Thanks in advance for your help.


----------



## Cervelo (29 Feb 2016)

My parents were the same, his name only on the cheque but my mother was an authorised signature on the account. Check with the bank if your mother doesn't know.


----------



## trojan (29 Feb 2016)

Cervelo said:


> My parents were the same, his name only on the cheque but my mother was an authorised signature on the account. Check with the bank if your mother doesn't know.


For starters i think your mum should check with bank as to who can sign cheques. They very probably would not give this information to you but perhaps a signed authority from your mum to bank might be acceptable.  If it transpires either can sign i dont think the fact our dads name only is on the cheque is an issue. Anyway clarify with bank. I think you should talk to a solicitor re desirabity of getting an enduring power of attorney.


----------



## 44brendan (29 Feb 2016)

Power of attorney could be important generally if your Dad is likely to likely to have dementia problems. This should be addressed as early as possible with your solicitor.
Banks have a standard form for authorizing a 3rd party to sign on an account.
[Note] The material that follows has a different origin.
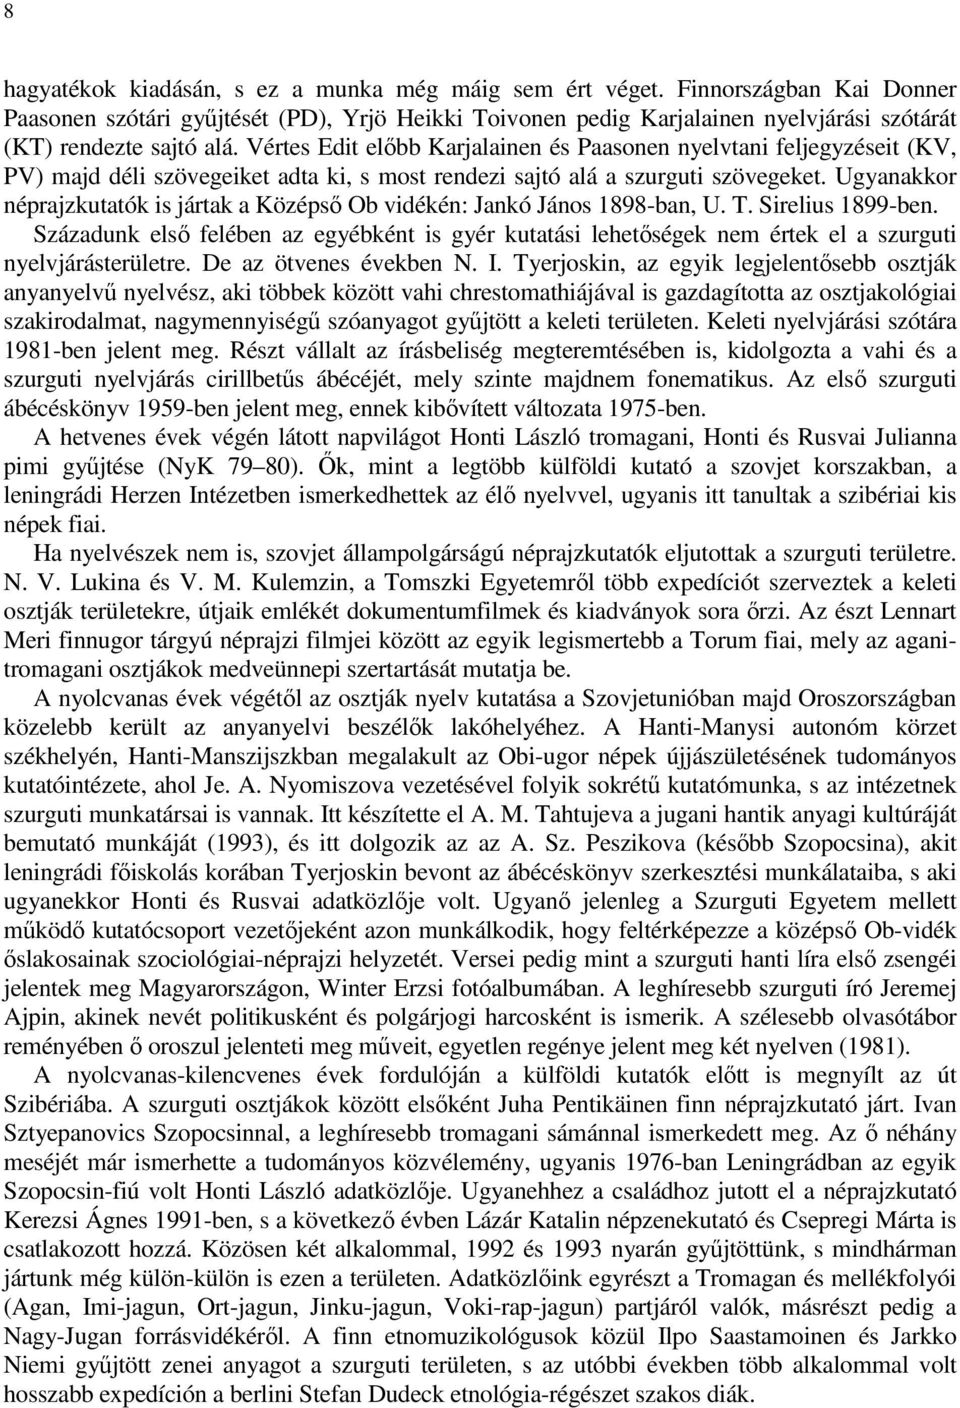 Vértes Edit elıbb Karjalainen és Paasonen nyelvtani feljegyzéseit (KV, PV) majd déli szövegeiket adta ki, s most rendezi sajtó alá a szurguti szövegeket.

Contact your bank today or call into a branch and get a copy of this form.

Sorry I just noted that the account is joint. In that case it doesn't matter whose name is on the cheque book. Either can sign on the account. Just clarify that it is in joint names.


----------



## thedaddyman (29 Feb 2016)

it probably shouldn't be an issue providing the mandate they signed for the account only requires his signature. After all, many businesses will have a trading name and numerous signatories and the definition of a cheque under the Bills of Exchange act states it must be signed. However it should be checked out and in particular if your father has dementia, he should not be asked to sign documents. That's a recipe for disaster and sad to say, plenty of cases of family members abusing that.


----------



## Seagull (3 Mar 2016)

In my case, my wife and I have a joint account, but we get our own cheque books, 1 with her name and 1 with mine.


----------